Specifications: ESRB: Everyone ; Genre: Board Games ; Number of players: 1 Player See full specs
Gamespot editors' review
- Reviewed on: 05/16/2006
- Released on: 05/09/2006
It's quite likely that before you harnessed the power of mana in Magic: The Gathering, and before you started bluffing your way through Texas Hold 'Em, you played Uno. The playing card equivalent of checkers, Uno relies on primary colors and a zero-through-nine number system to create a fast-paced and accessible competitive experience that carries just enough depth to keep players casually engaged. This sort of low-impact gaming feels like a perfect fit for Xbox Live Arcade, and though a greater level of rule customization would have been welcome, this is still a fun and faithful rendition of a childhood favorite.

Unfortunately, there's no way to give another player a charley horse for not shouting Uno over Xbox Live...not yet, at least.
If you've never actually played Uno, well, we feel sorry for your misspent childhood, but you're lucky because Uno is still easy to pick up and is still pretty fun. A typical game of Uno sees four players being dealt a hand of numbered, color-coded cards, with a face-up pile of cards in the middle and the remainder of the deck on the side. As the turns rotate around the table, each player must either place a card on the face-up pile that somehow matches the last card placed there--either they're the same number or the same color--or they have to draw a card from the deck.
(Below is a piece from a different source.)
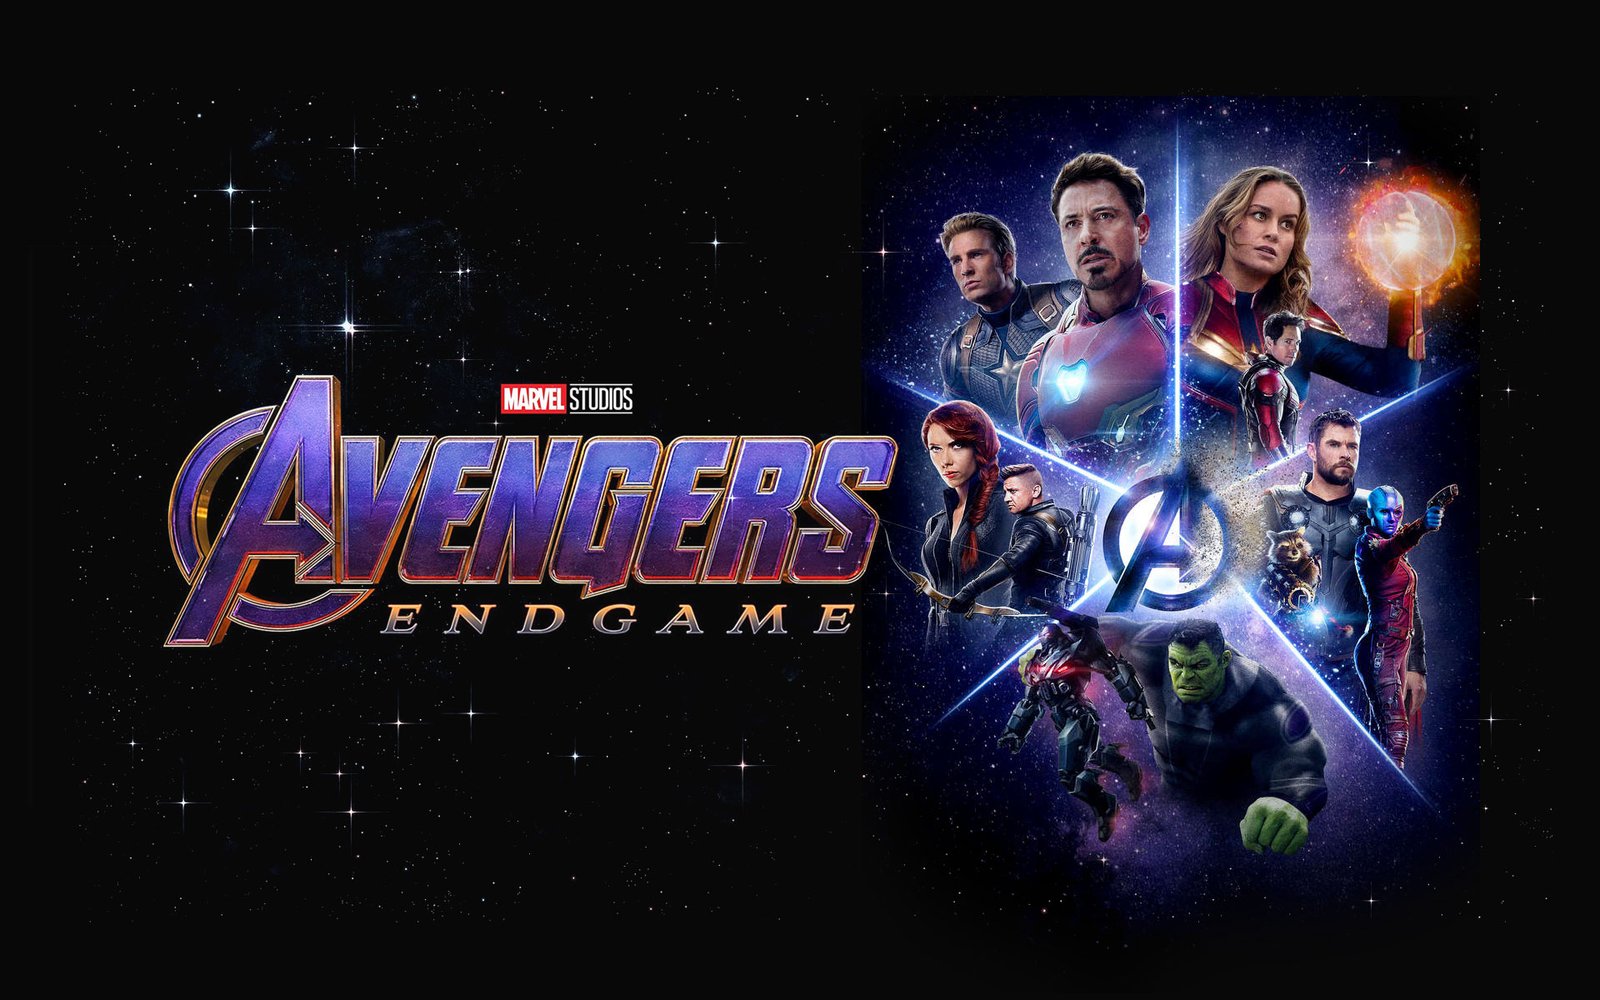 Avengers: Endgame (2019) Poster

This goes on until one player's hand has been reduced to a single card, at which point they are obligated to bring this to everyone's attention by shouting "Uno!" The first player to get rid of all their cards is the winner.
Anyone that has actually played Uno will be able to fill you in on the nuances of how the game is played, including the diabolical action cards that let you skip players, change the rotation, and force other players to draw cards, but they'd all probably give you slightly different information. Someone might tell you that when you don't have a card that you can put on the face-up pile, you have to continue drawing cards until you draw a playable card. Someone else might say that you can avoid the penalties of a Draw Two or a Draw Four card by playing another Draw Two or Draw Four on top of it, effectively doubling the draw and passing it along to the next player.
The funny thing about Uno is that they would all be right, as playing around with the rule set is one of the minor pleasures of the game. The Xbox Live Arcade version gives you the option of tweaking several different variables, including those mentioned above, as well as a scoring system that lets a game of Uno go on for multiple rounds, with the winner of each round accruing points based on the cards leftover in the other players' hands. Tweaking rules can radically affect the tone and the pace of a game of Uno, and though some of the more extreme Uno-rule modifications we've played with are absent here, it's difficult to fault the game for not including an exhaustive amount of customization.